The Lampstand—The Corporate Testimony Of Jesus Christ (Pt. 4)

Last time we talked of individuals who had the testimony of Jesus Christ.  John on Patmos had this testimony.  The messenger who was showing John the things he wrote about in the Revelation had this testimony—so powerful a testimony of Jesus Christ that John was tempted to worship him.  He thought the man was Jesus Himself.

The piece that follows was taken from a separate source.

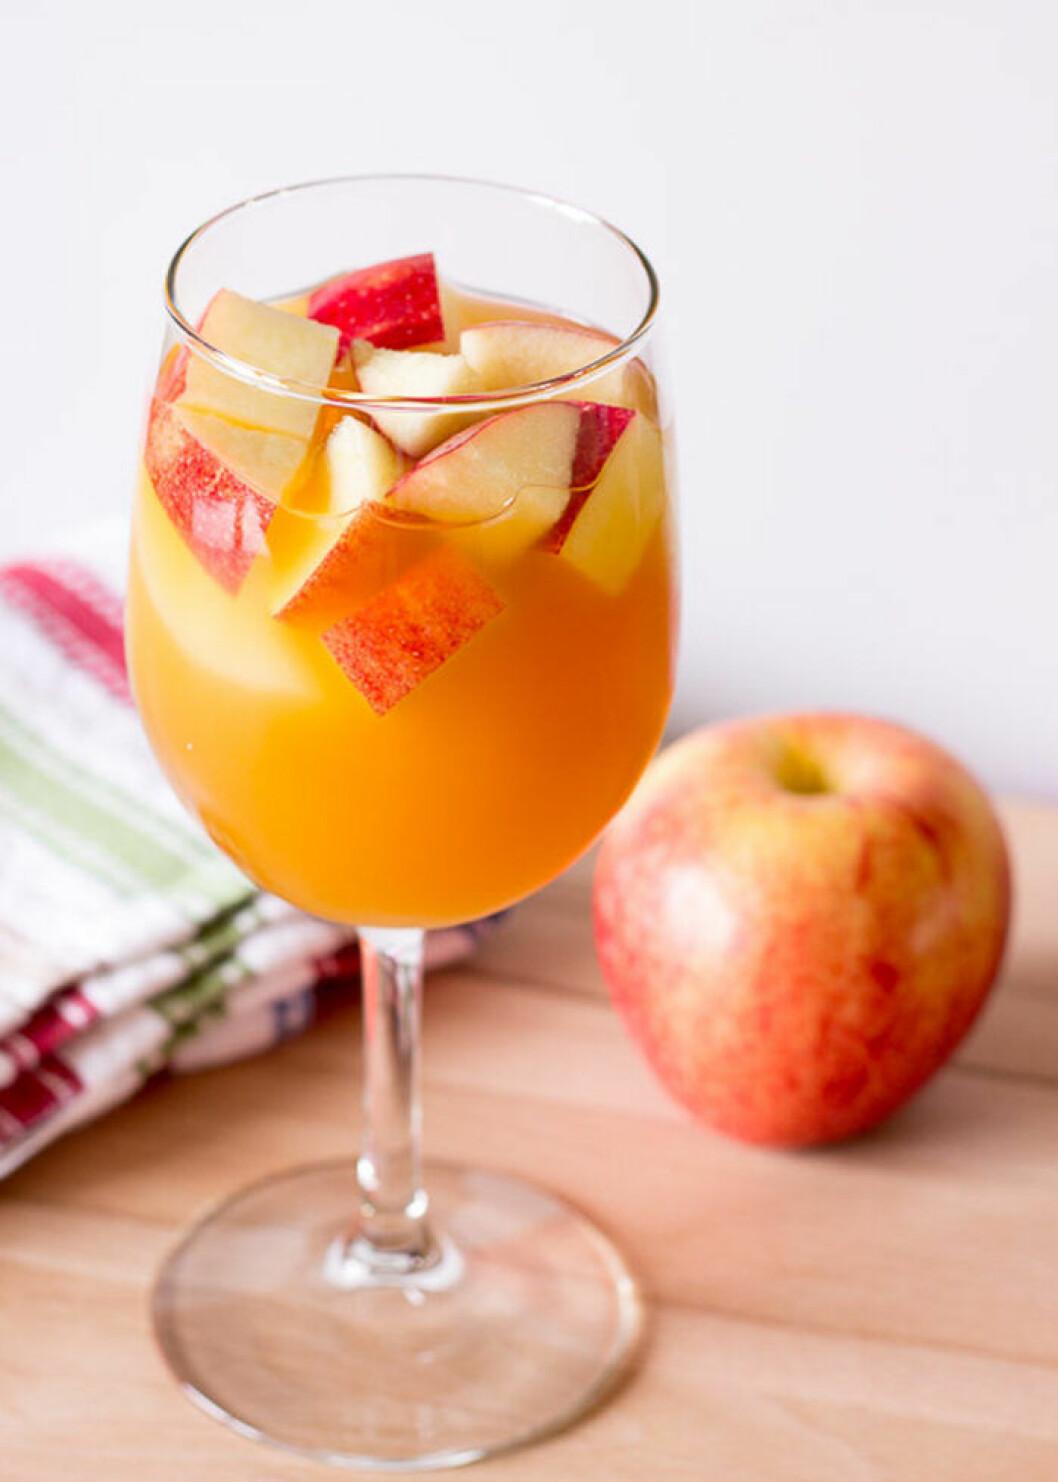 Sangria med smak av äpple och kola.

This is a very tremendous thing—individual men coming into the testimony of Jesus Christ.  But as great as it is, it doesn’t hold a candle to what God has in mind.  We admire great saints, but God is not satisfied with just one person here and there coming into this tremendous testimony.  His desire is that this testimony be revealed in something called the church, where all the members—every man and woman and boy and girl—are shining forth this pure testimony together as one Man.

Remember that in the Old Testament it was the tabernacle that was called the “tabernacle of the testimony.”  The tabernacle in the wilderness had a testimony—had something to reveal about God, something to say about God.  But the tabernacle was just a “figure” foreshadowing Christ—the corporate Christ, that is—Christ in union with His bride, His body.  Some very good teachings are available on this, showing how every aspect of the tabernacle speaks of Christ and His church.  The bread on the table of showbread, for example.  This speaks of the body of Christ.  Paul said, “For we, being many, are one bread, and one body: for we are all partakers of that one bread” (1 Cor. 10.17).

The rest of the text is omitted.